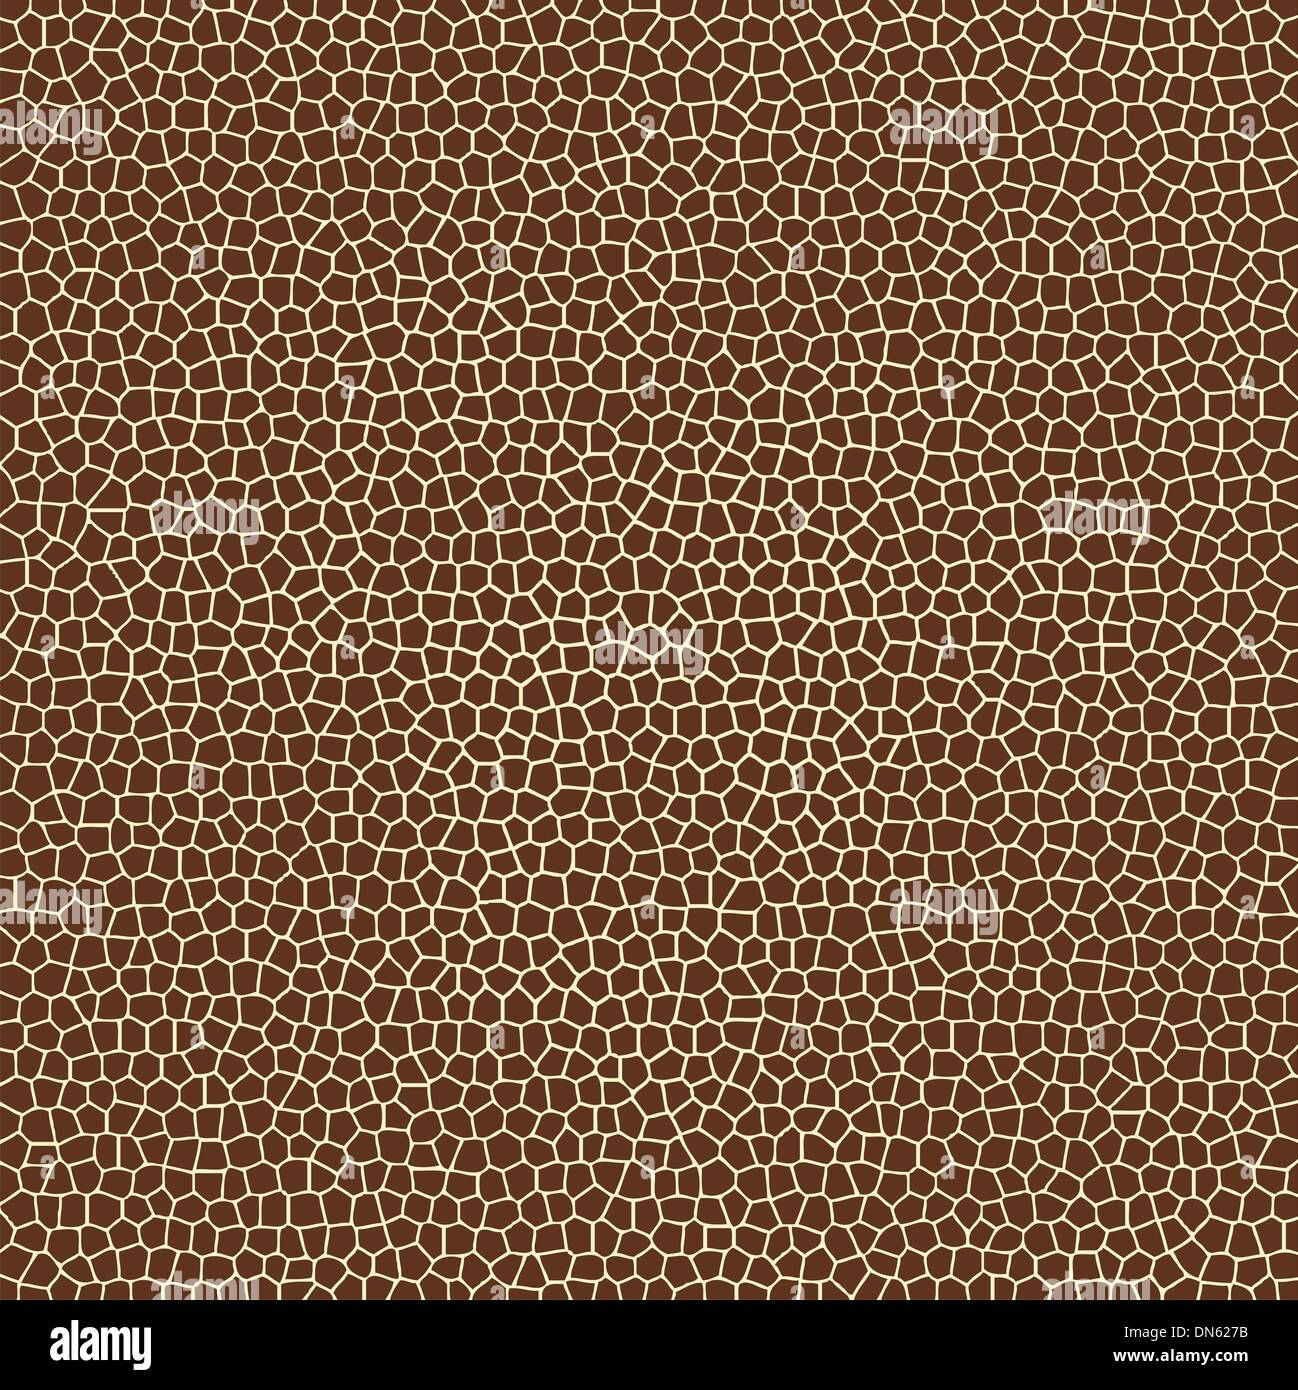 vector animal skin textures of giraffe Stock Vector
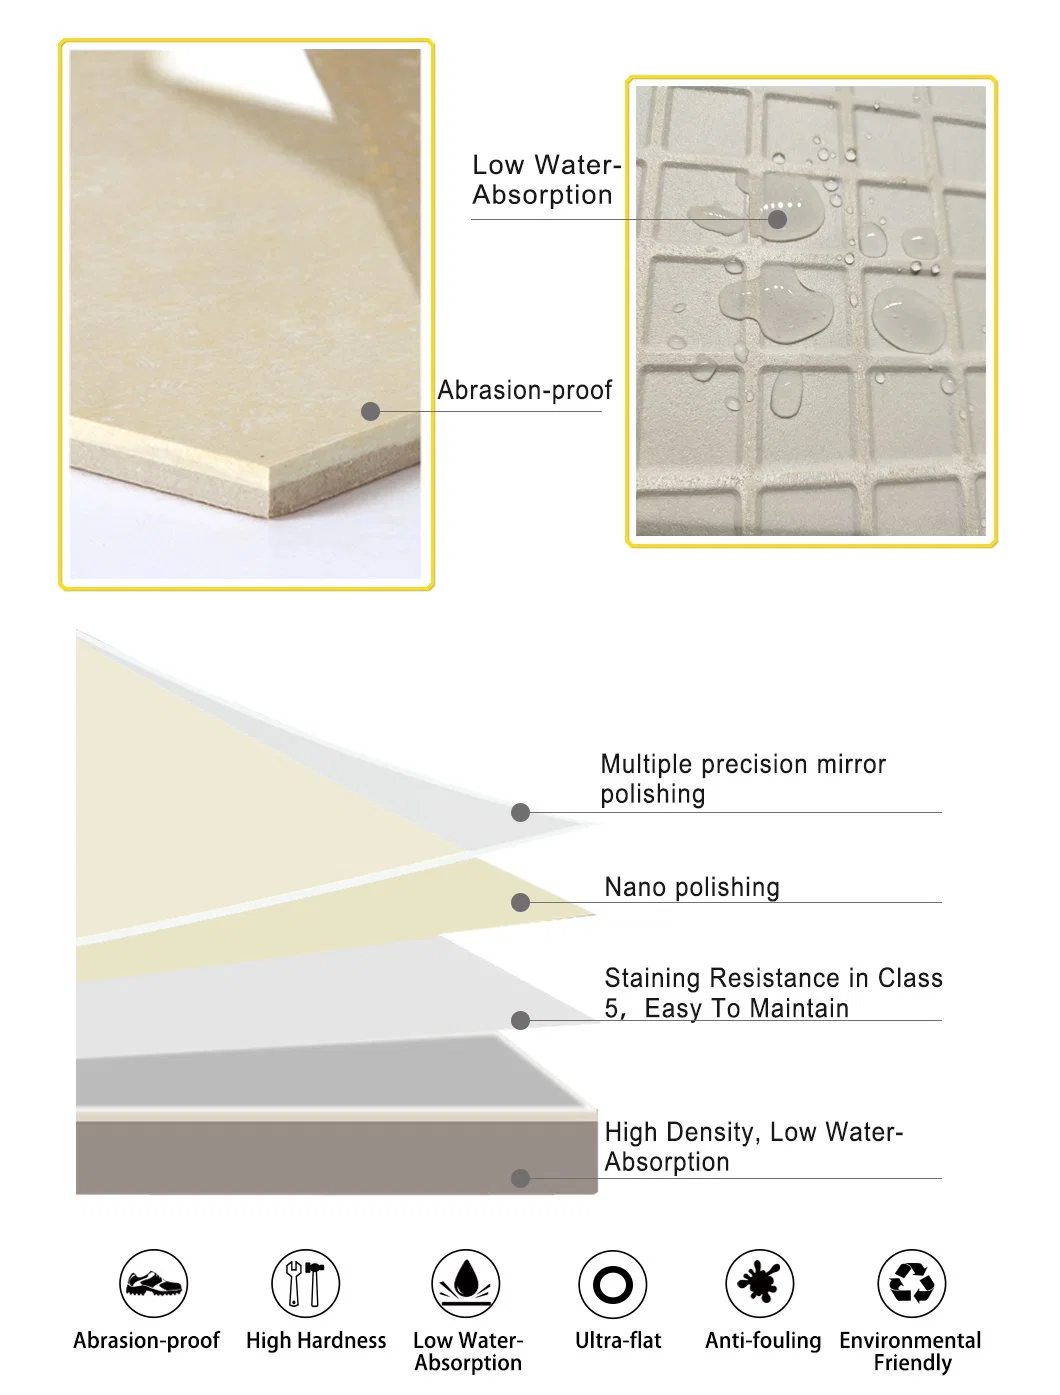 Natural Stone Series Acid-Resistant Polished Porcelain Tiles 24X24 36X36 Inches Floor Tiles
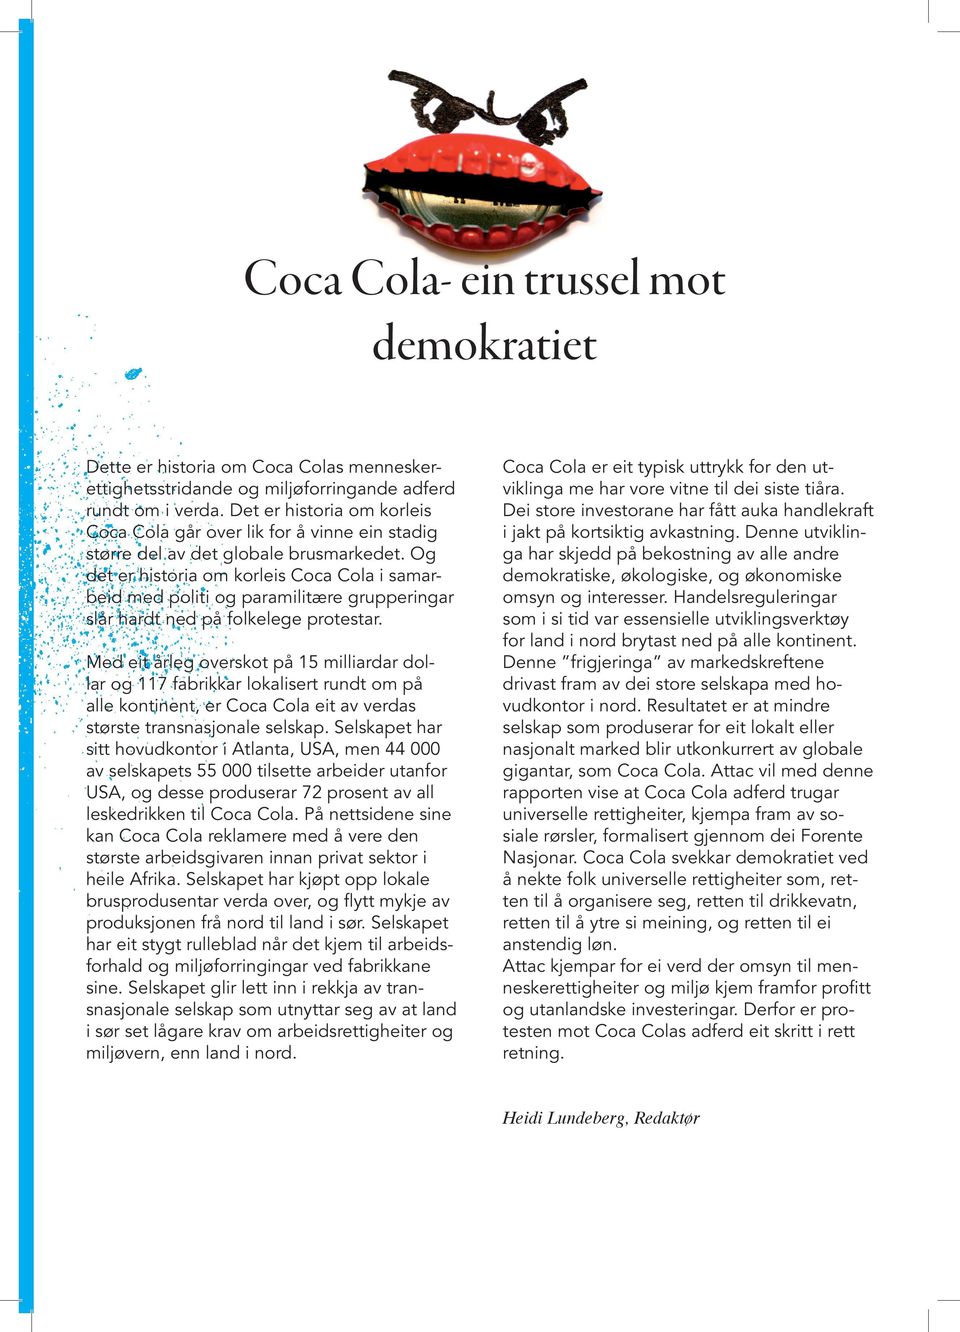 Og det er historia om korleis Coca Cola i samarbeid med politi og paramilitære grupperingar slår hardt ned på folkelege protestar.
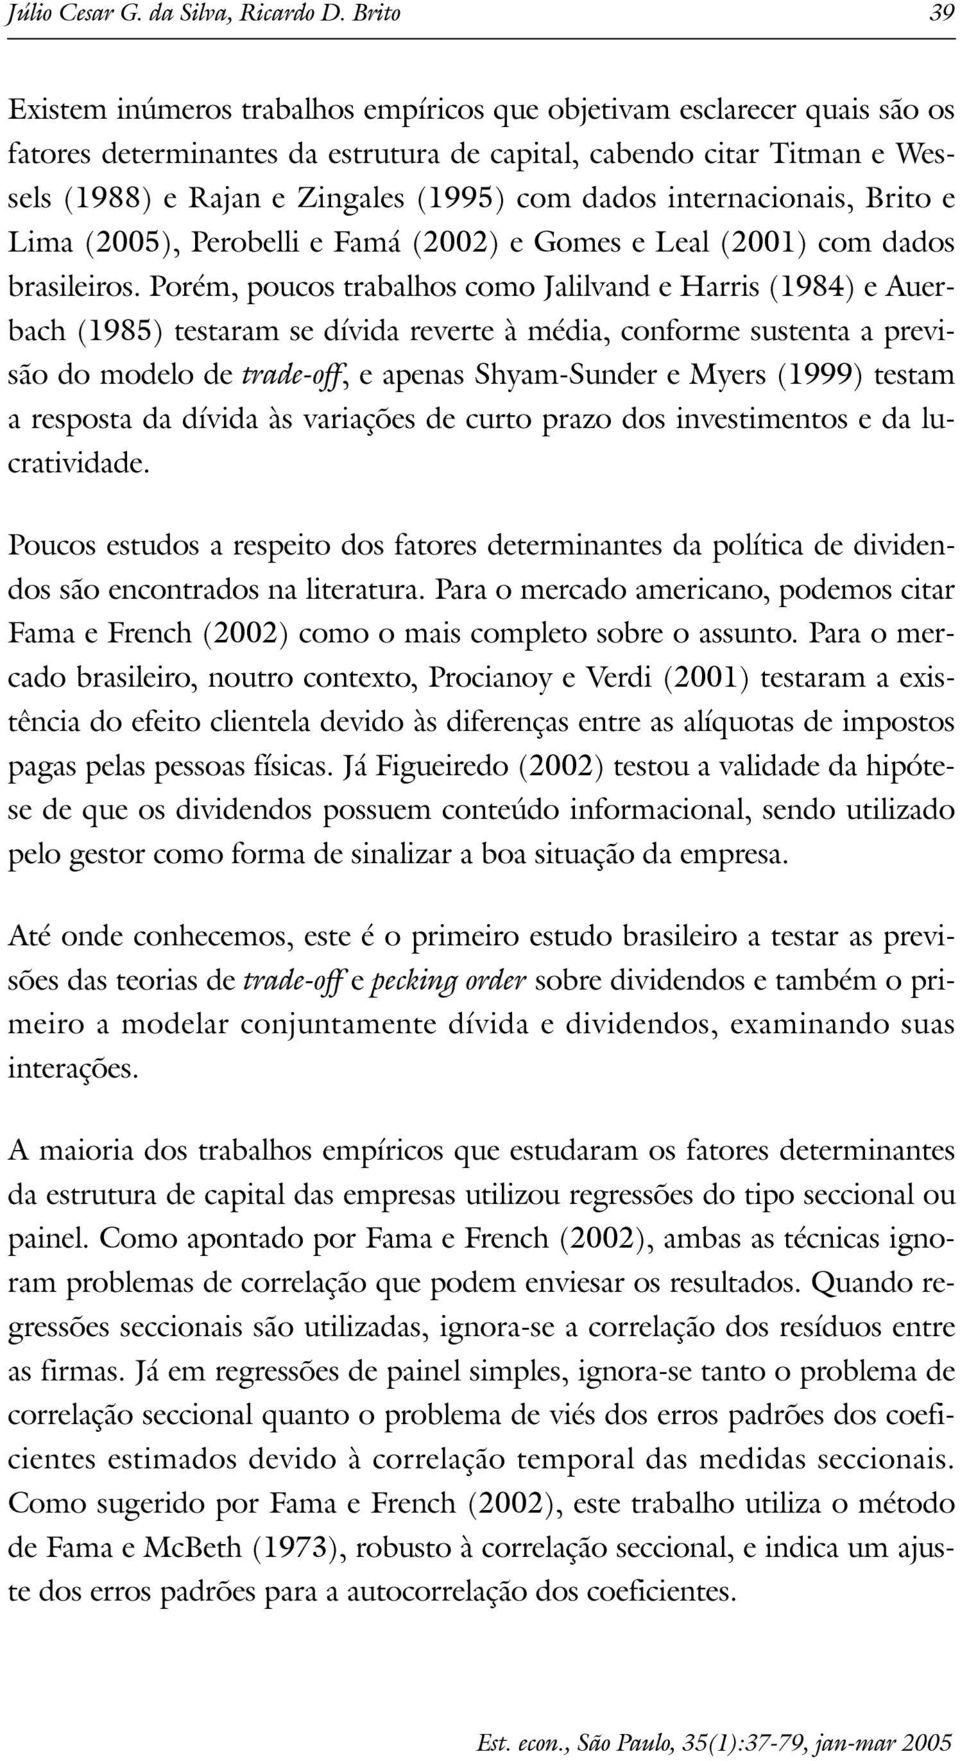 inernacionais, Brio e Lima (2005), Perobelli e Famá (2002) e Gomes e Leal (2001) com dados brasileiros.

--------------------------------------------------

Work task. In the data above, find the line with "Og det er historia" and repeat it and every line after it through the end, exactly; leave the pictures out.

Response to this exercise.
 Og det er historia om korleis Coca Cola i samarbeid med politi og paramilitære grupperingar slår hardt ned på folkelege protestar.
 inernacionais, Brio e Lima (2005), Perobelli e Famá (2002) e Gomes e Leal (2001) com dados brasileiros.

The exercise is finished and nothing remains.